What you have to do:
A word-for-word copy of the records is needed, with every picture left out.

Task data:
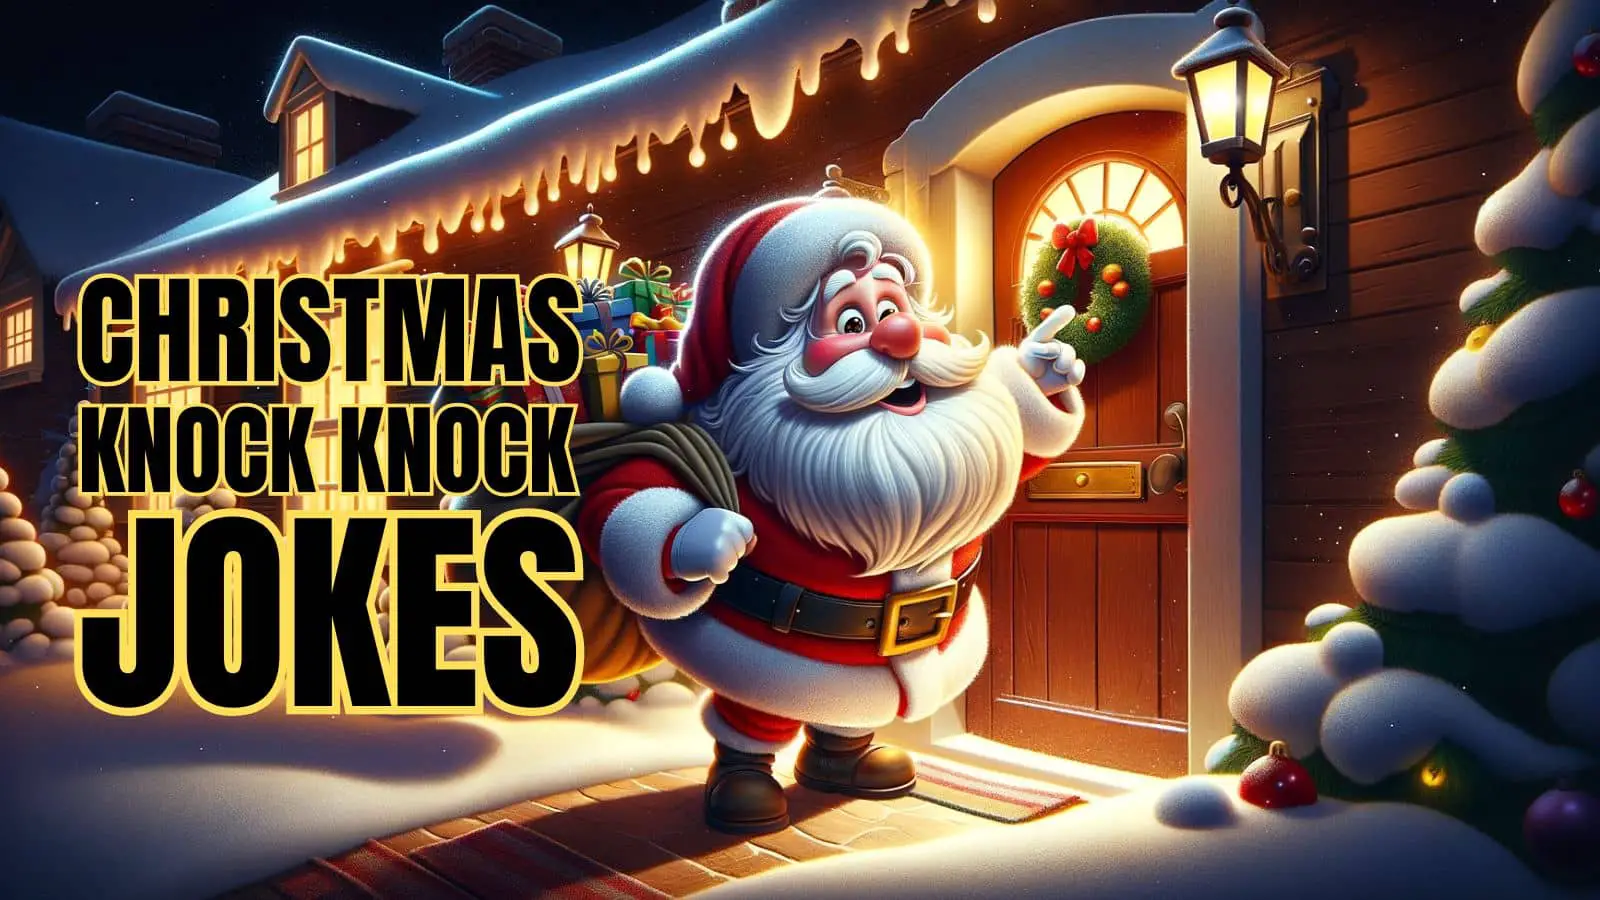 Funny Christmas Knock Knock Jokes On Holidays
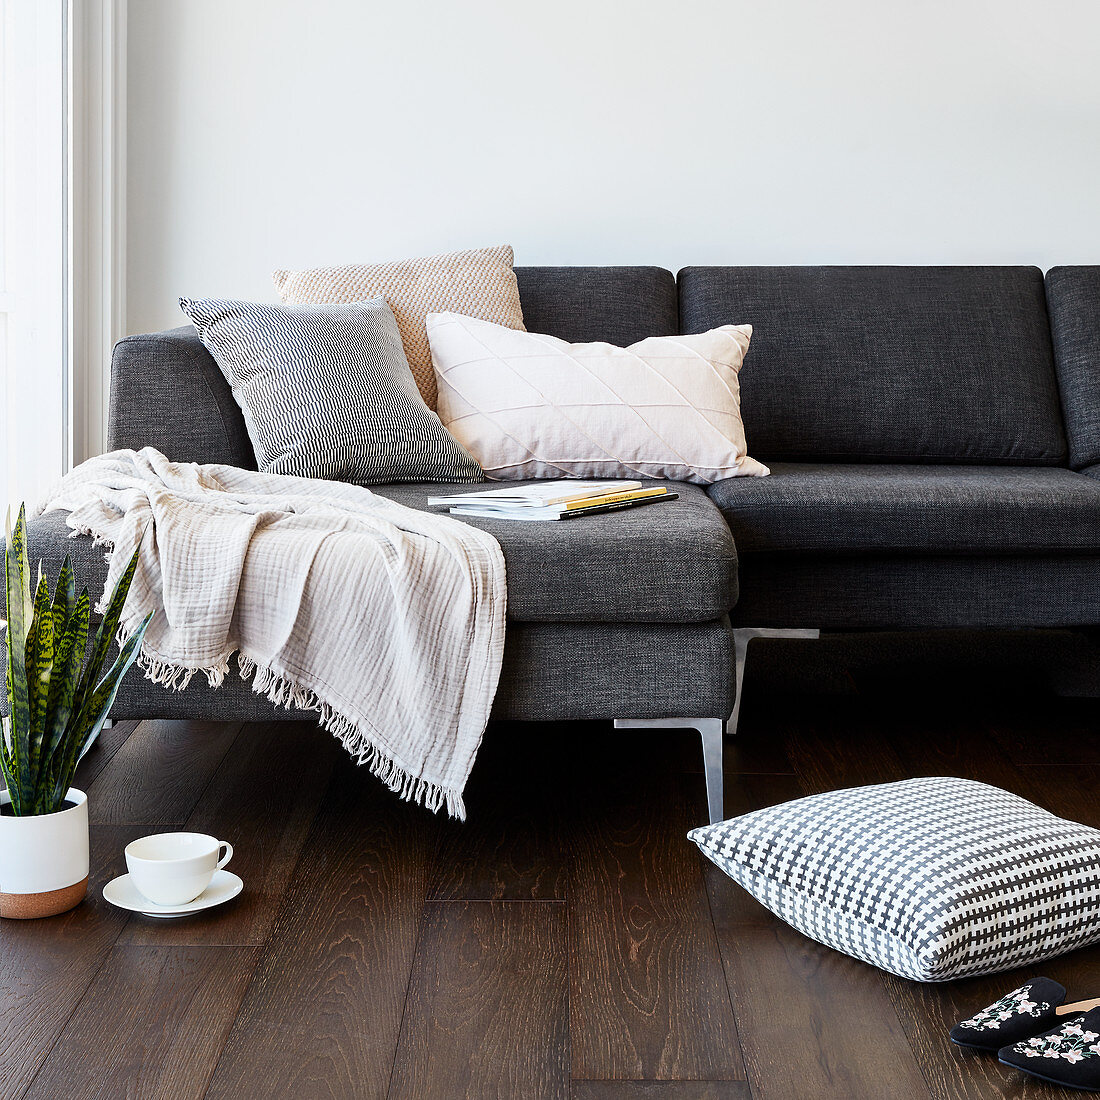 Kissen, Teetasse und Bogenhanf vorm grauen Sofa mit Plaid
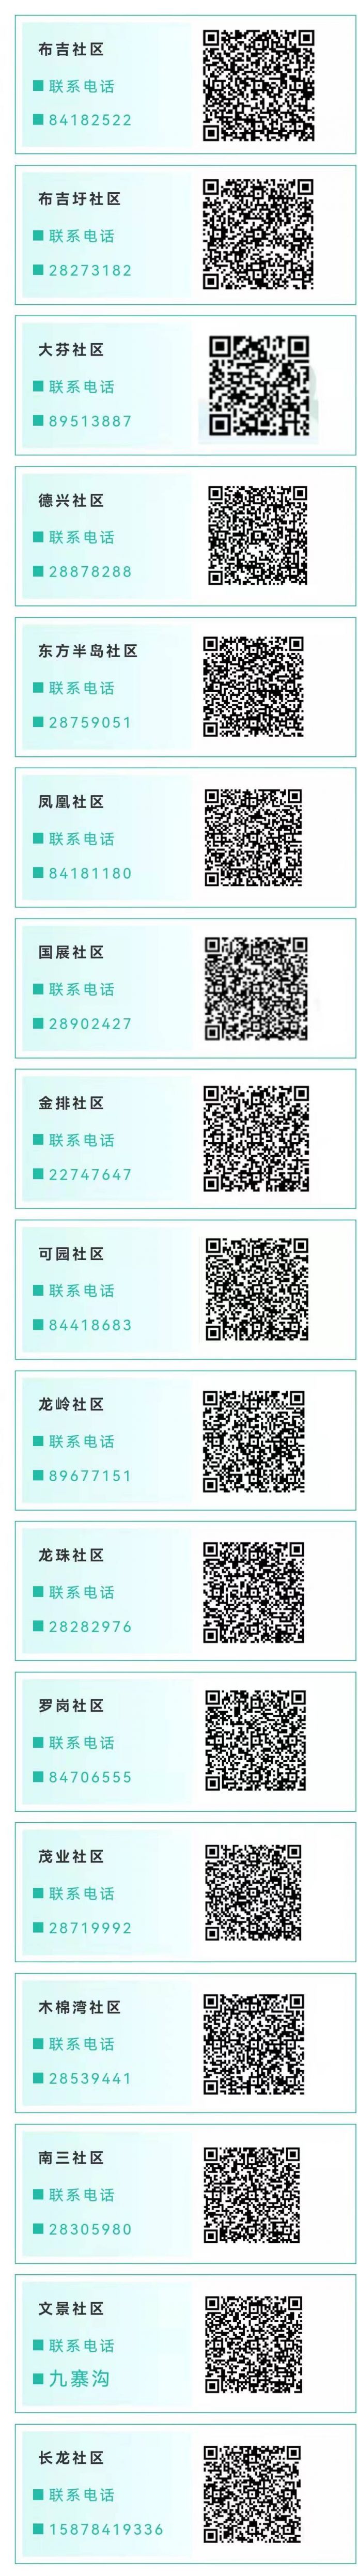 深圳龙岗区布吉街道志愿者招募信息(3月17日发布)
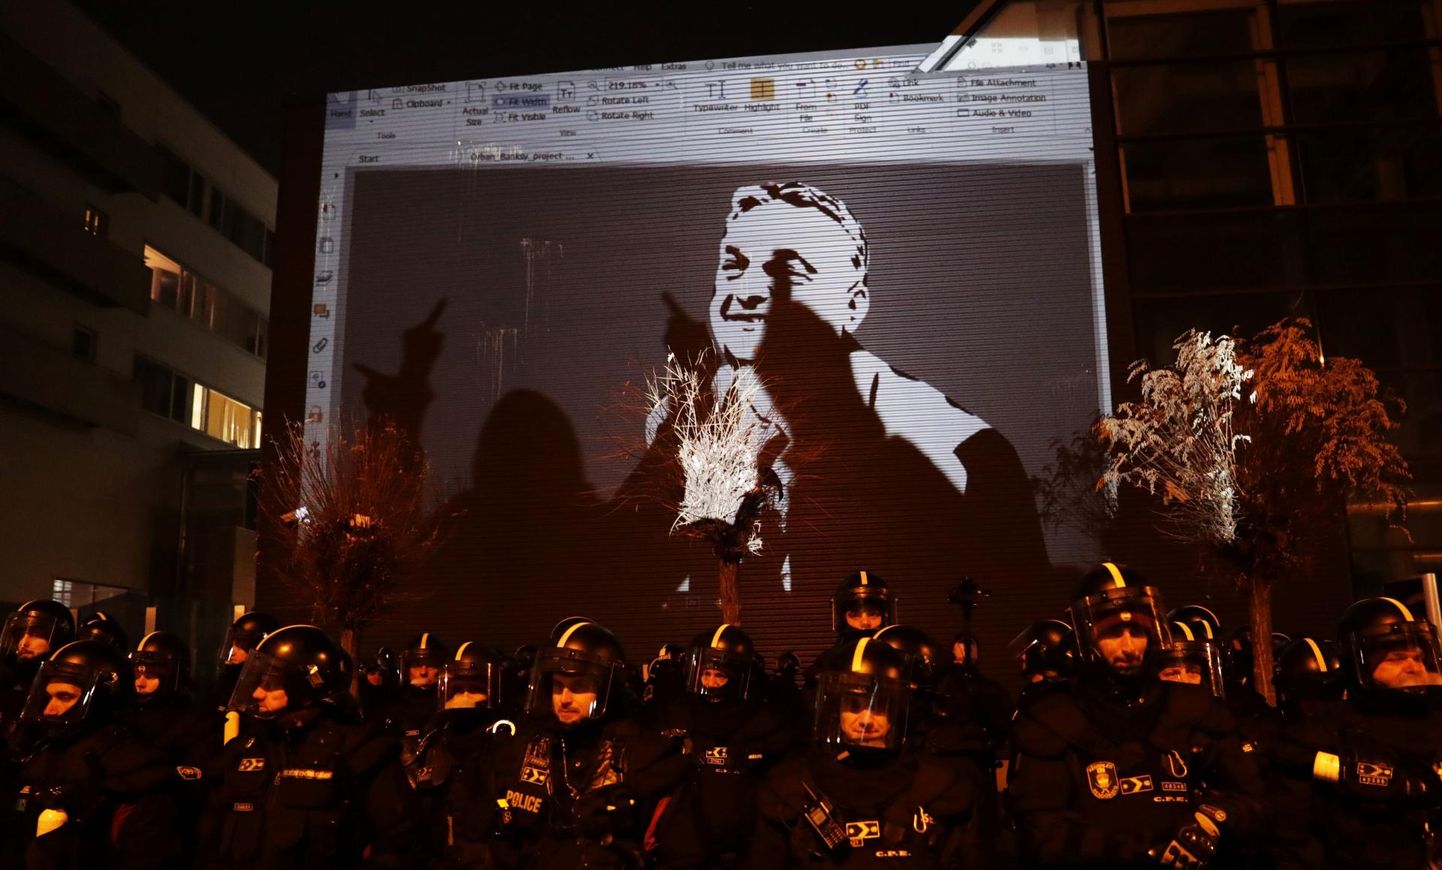 Esmaspäeva õhtul näitasid meeleavaldajad projektoriga Budapesti äärelinnas asuva Ungari avalik-õigusliku telekanali hoone seinale joonistust peaminister Viktor Orbánist. Esialgu pole protestid olnud nii suured, et valitsus peaks üleliia muretsema, kuid opositsiooni üksmeel ja protestijate raev on varasemast suuremad.
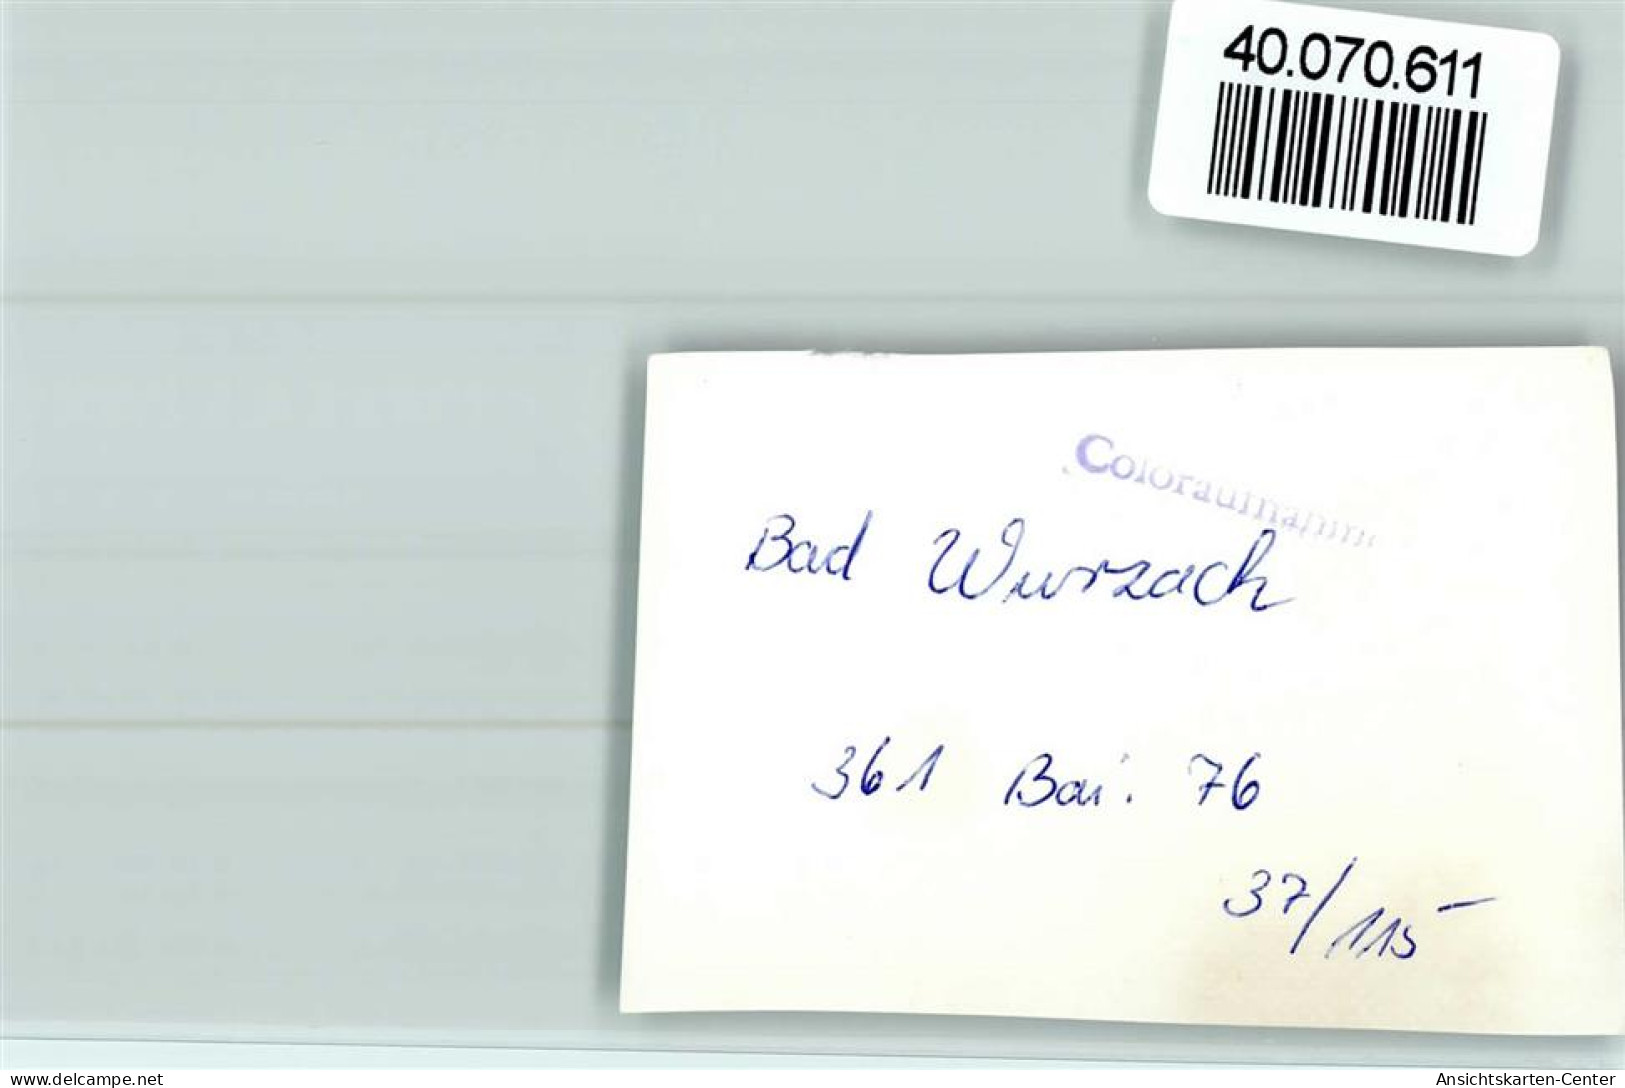 40070611 - Bad Wurzach - Bad Wurzach
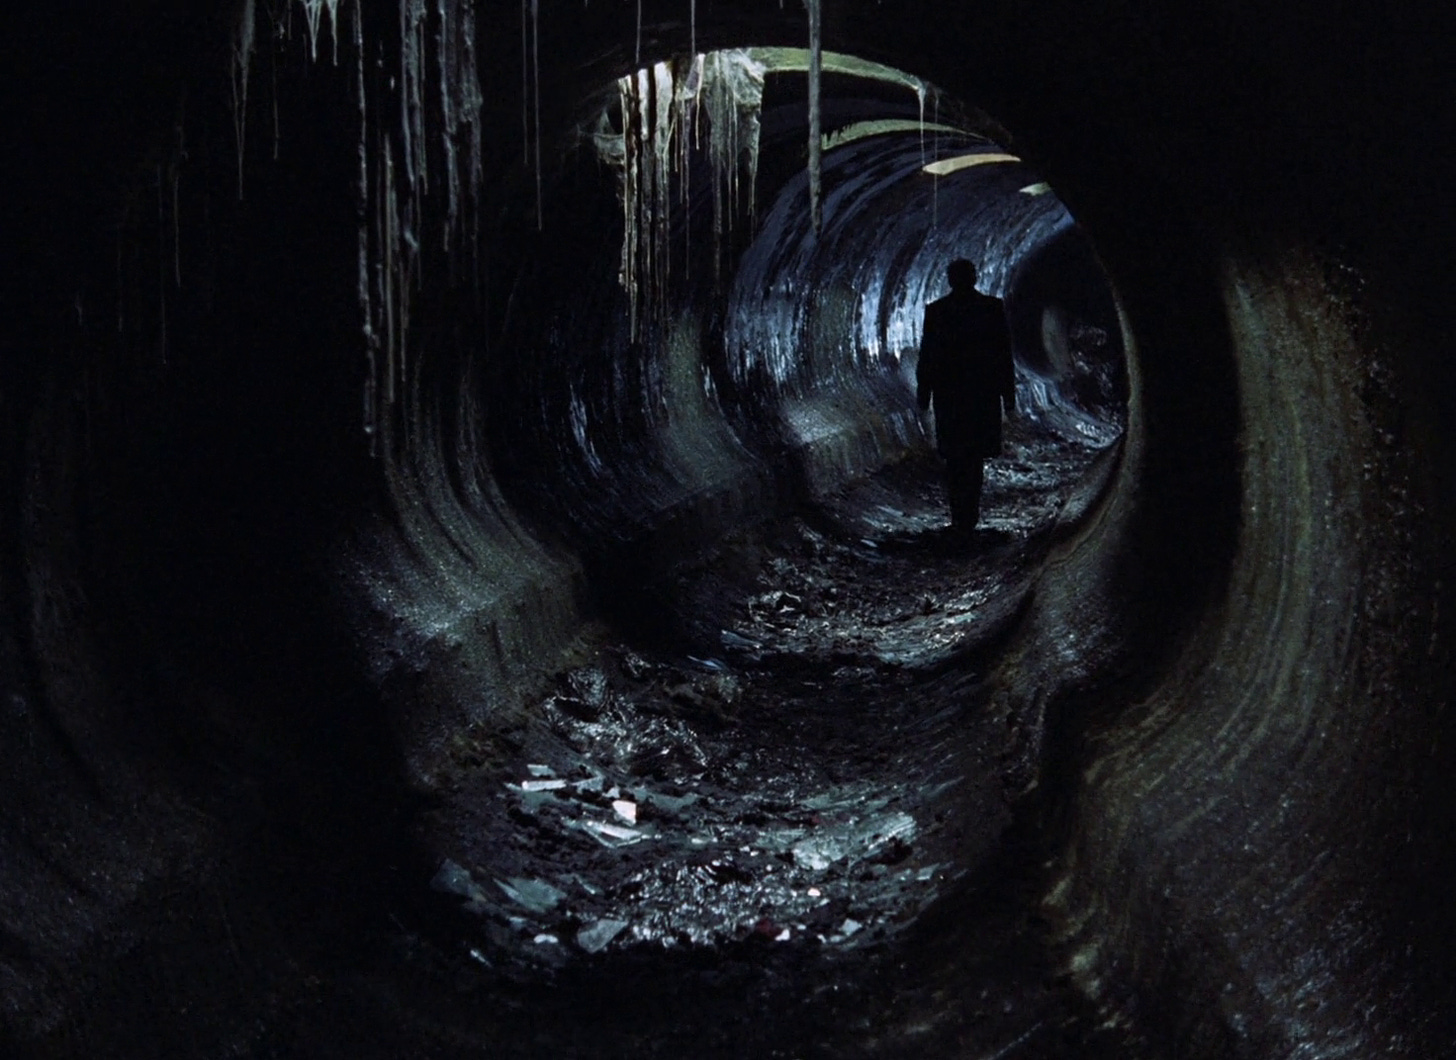 fotogramma tratto da Stalker, un film del 1979 di Andrei Tarkovsky, che ritrae un uomo dileguarsi giù per un umido tunnel
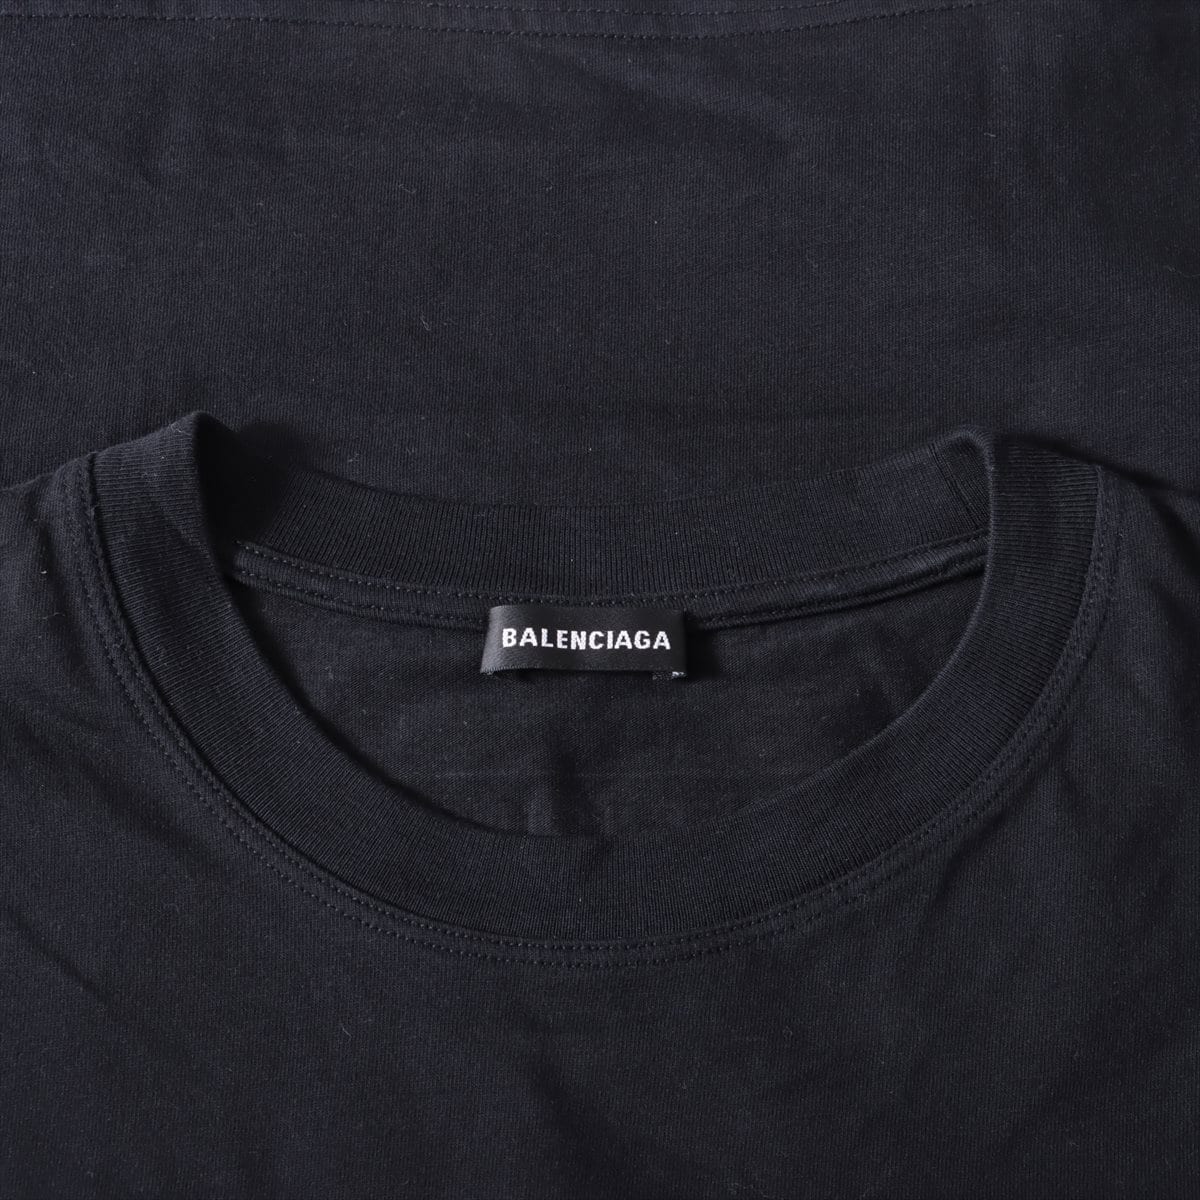 バレンシアガ 2018 コットン Tシャツ M メンズ ブラック  バックロゴ

Answer to this exercise:
 Funny Christmas Knock Knock Jokes On Holidays
 Kissen, Teetasse und Bogenhanf vorm grauen Sofa mit Plaid
 深圳龙岗区布吉街道志愿者招募信息(3月17日发布)
 Esmaspäeva õhtul näitasid meeleavaldajad projektoriga Budapesti äärelinnas asuva Ungari avalik-õigusliku telekanali hoone seinale joonistust peaminister Viktor Orbánist. Esialgu pole protestid olnud nii suured, et valitsus peaks üleliia muretsema, kuid opositsiooni üksmeel ja protestijate raev on varasemast suuremad.
 40070611 - Bad Wurzach - Bad Wurzach
 fotogramma tratto da Stalker, un film del 1979 di Andrei Tarkovsky, che ritrae un uomo dileguarsi giù per un umido tunnel
 バレンシアガ 2018 コットン Tシャツ M メンズ ブラック  バックロゴ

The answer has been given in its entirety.